The same day in Wututu- Limbe, a gendarme officer serving at the Bojongo Gendarmerie Post, who was on his way to carry out a routine check on the highway, was ambushed and killed by hooligans, who identified themselves in a video as members of the "Ambazonia Army in Fako County."

In an online video, one of the assailants is heard saying: “When Fabiano says don’t walk around, you said who is Amba, have you seen.?”

Nine soldiers were killed in one day. No official statement from the government. No condolences. Why?

Is it to pretend that the bloody conflict has ended? Is it to conceal the insecurity or make people forget that it exists? Does hiding a problem provide a solution?

It cannot be hidden with the deception of normalcy, especially with the stem of the presidential election getting to boiling point.

Prof Maurice Kamto, ex-president of MRC who flirted briefly with MANIDEM to run for the October 12 poll and was rejected, is so far the only politician who has commented on last weekend’s carnage in Fako Division.

In what he called a "declaration on the carnage of Malende, Muyuka, South West Region and the dirty, forgotten civil war", he wrote"On several occasions, official propaganda announced that this deadly and devastating war was behind us…it existed only in the minds of ill-intentioned people, who are hostile to the homeland. Unfortunately, the reality is staring at us in the face, sad and violent. This civil war, which only persists because of the arrogant refusal of the authorities to end it through genuine inclusive political dialogue, continues to kill many civilians and members of the defense and security forces, with the total indifference of those who run the country".

While offering his condolences to the bereaved families, he added that: “…it would be an opportunity to equally extend it to the thousands of civilians and military already fallen in this war, the emotional feelings of the Cameroonian people as a whole". 

While the nation mourns not just the nine soldiers but thousands of others before them, what politicians pressing the throttle for a failing military solution must learn is that in this era of information and communication technologies, "nothing is hidden under the sun".

Denial, even to comment by the government or visit the scene, may be perceived as refusing the existence of a conflict.

But as Jim Caroll, renowned global motivation speaker writes, “they are just skillful manipulators of the truth, avoiders of the reality of problems they face, while all around disruption unfolds around at a furious pace."

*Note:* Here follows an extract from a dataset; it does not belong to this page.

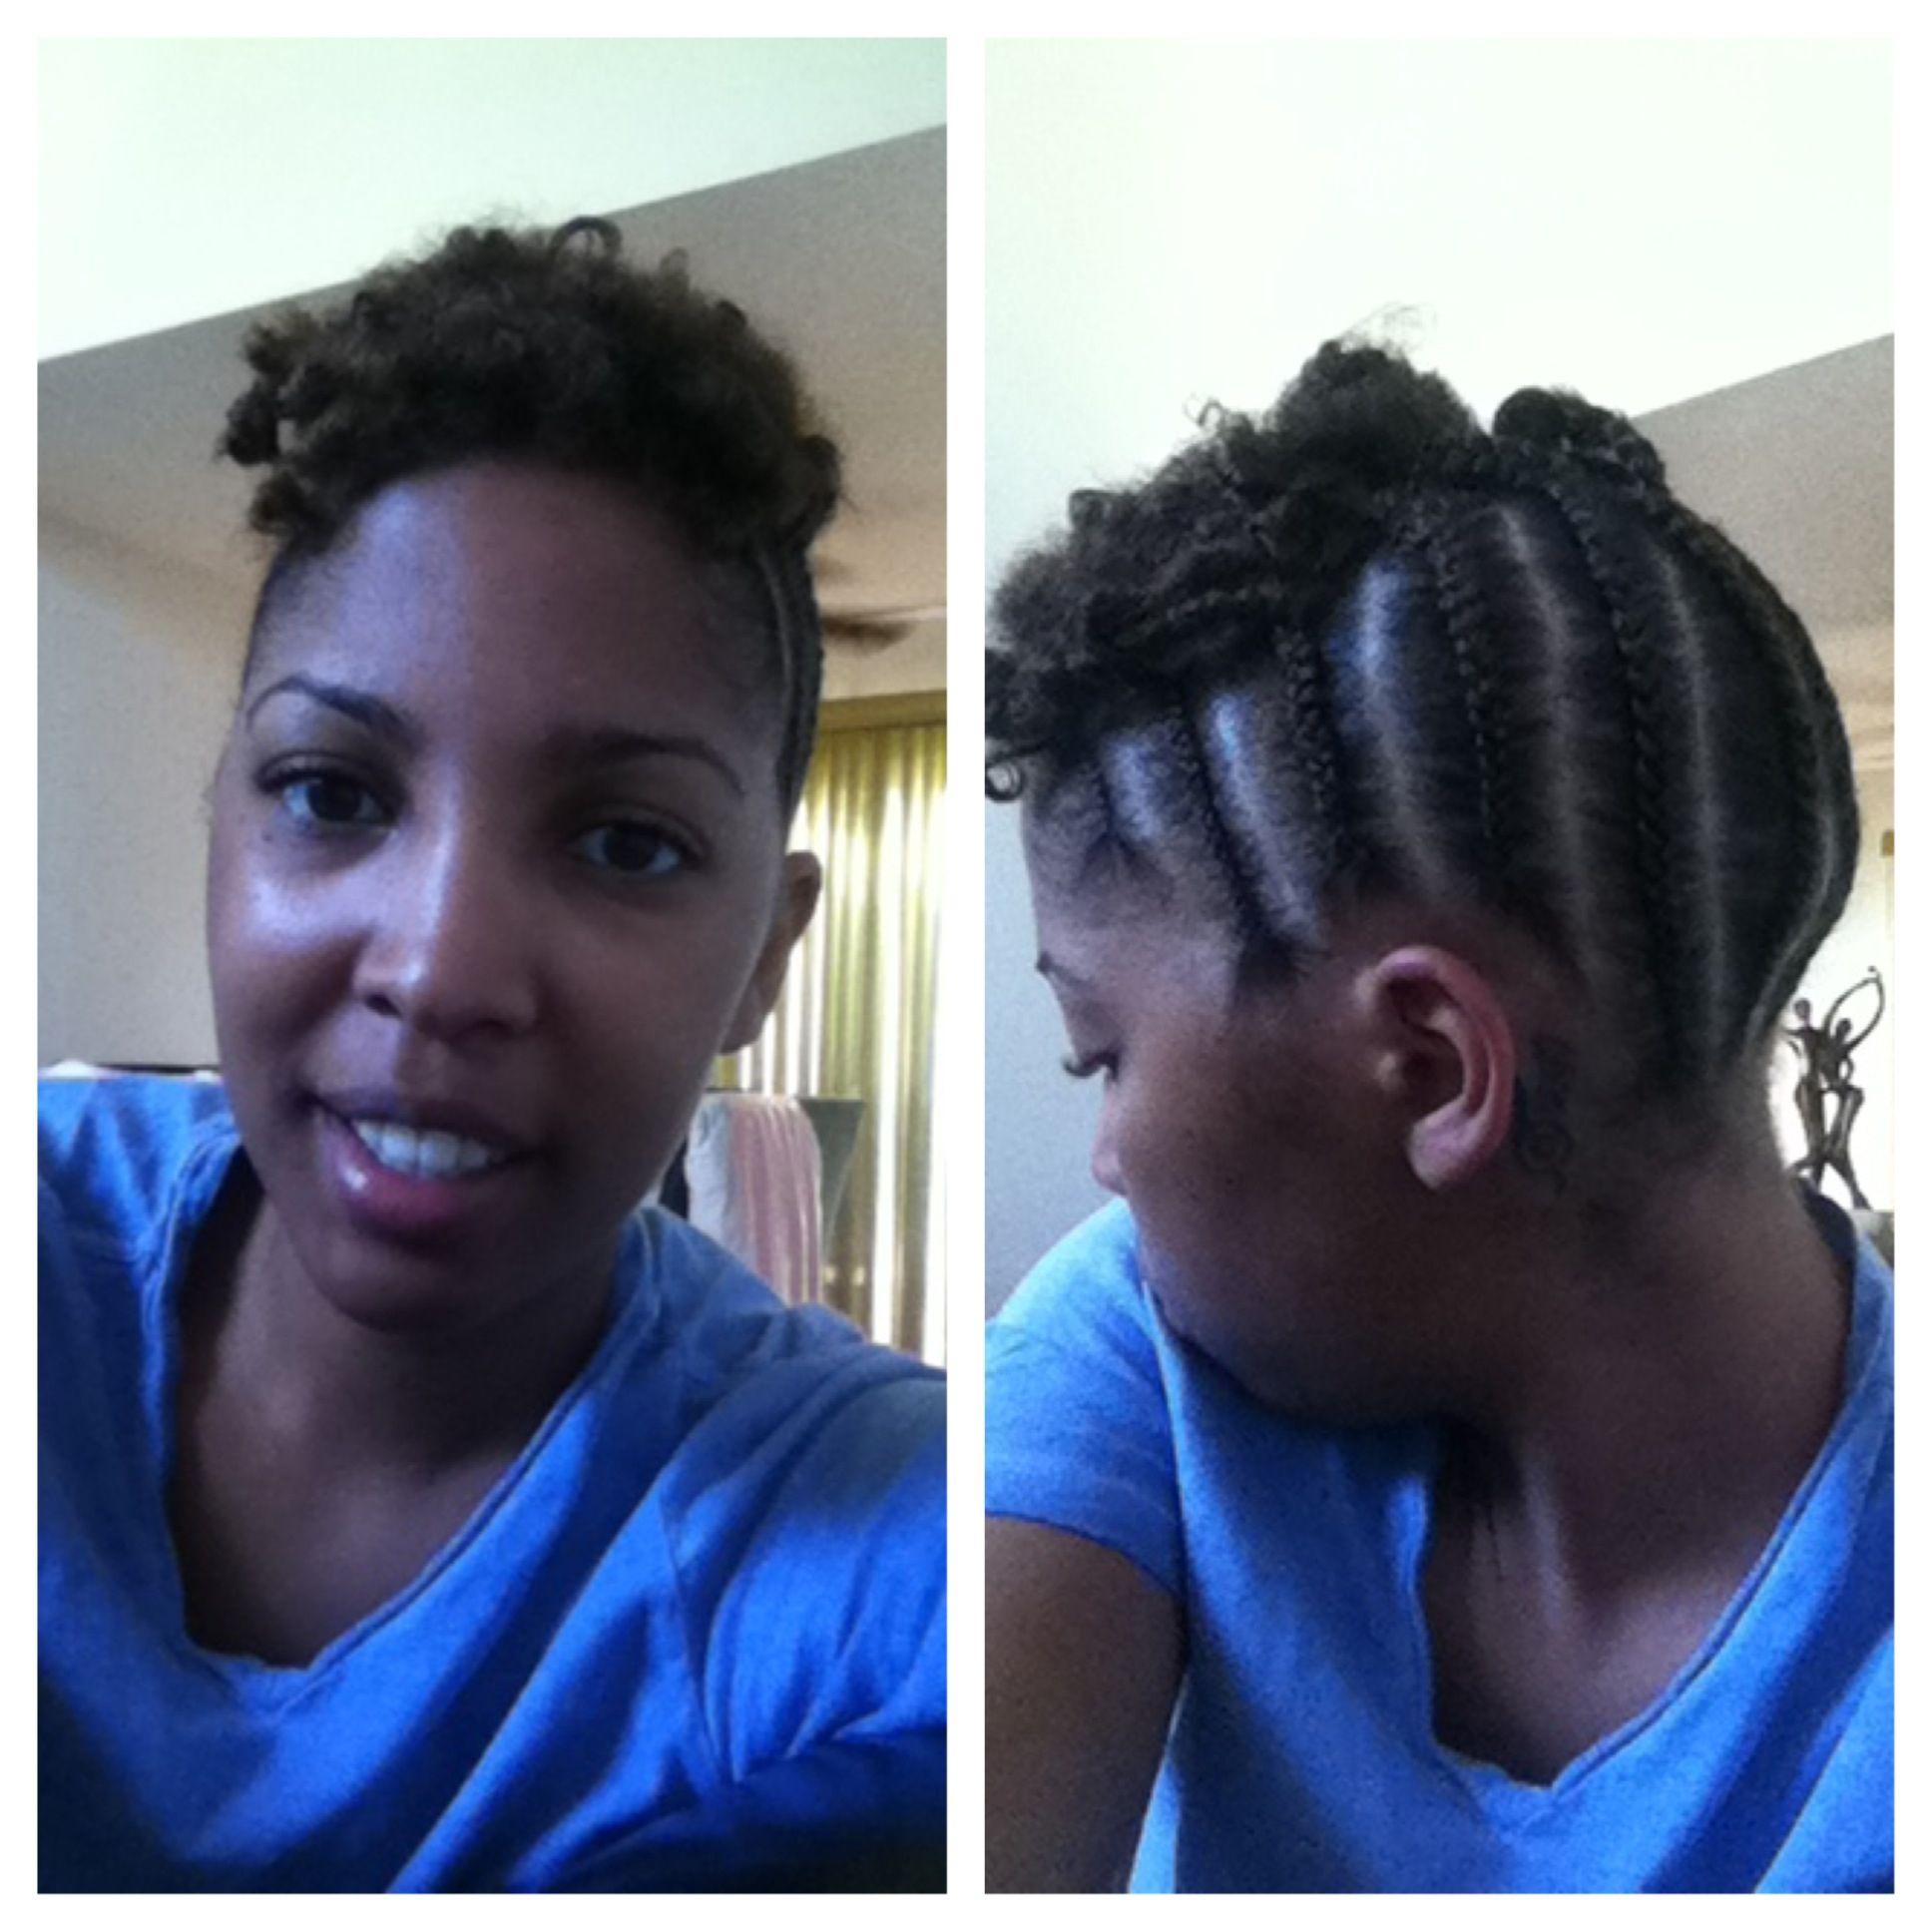 Naturalhair braids braidstyles updo hair ideas pinterest updo

The hallowing murder in Fako,  last weekend, coupled with the disruption of school resumption in the two Anglophone Regions, yesterday by perpetual "Monday ghost town" protests, should be a reflection of the country's darkest period of eight years of a senseless and fatal blood spilling conflict that can't be denied, hidden or forgotten without a solution.

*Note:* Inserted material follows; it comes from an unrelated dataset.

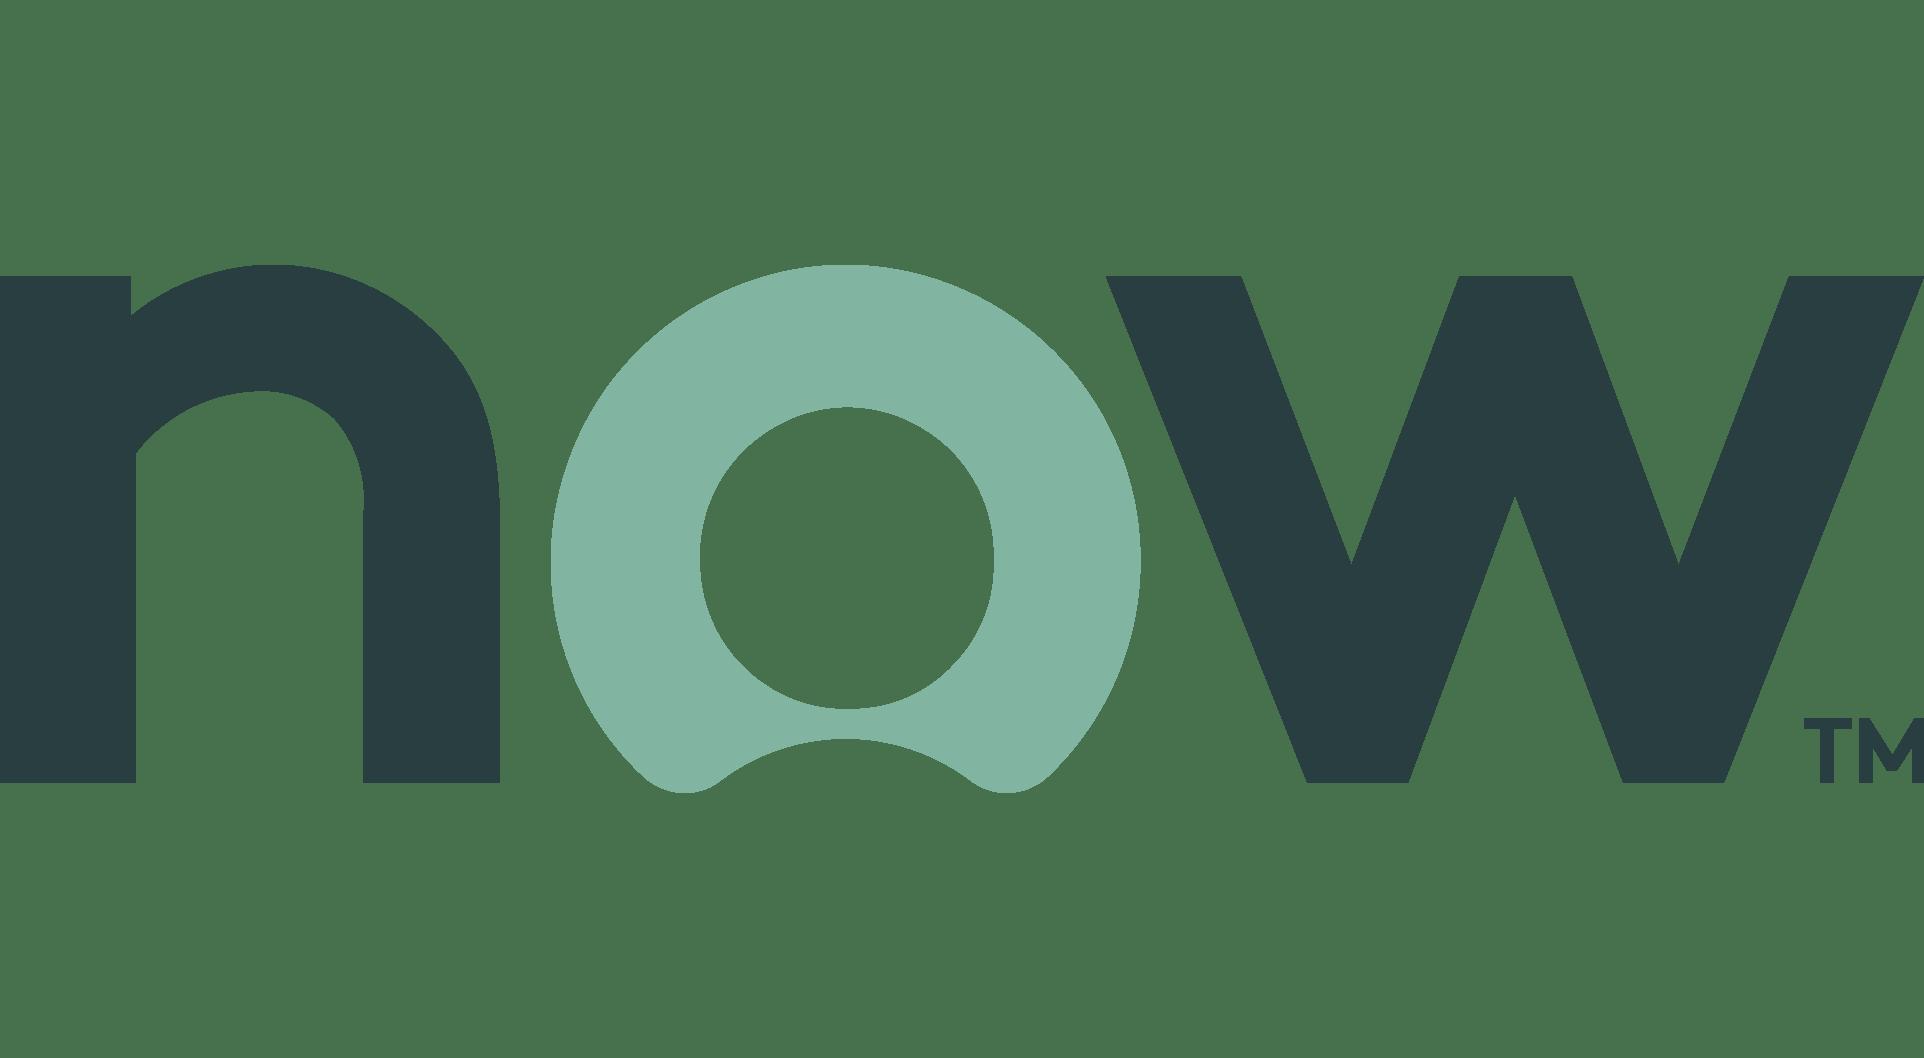 Accruent Expands Healthcare Platform to Improve Enterprise Performance Through Workflow Automation and Data-Driven Decision Support

Last weekend’s killings in Fako Division, coming on the eve of the October 12 presidential election, should invite politicians, especially those in government, to contemplate on the human capacity for resilience, amidst an overwhelming adversity in the two English-speaking Regions.

Whatever the case, they should recognise and pay tributes to those dying to keep the country "one and indivisible" and the innocent caught by stray bullets.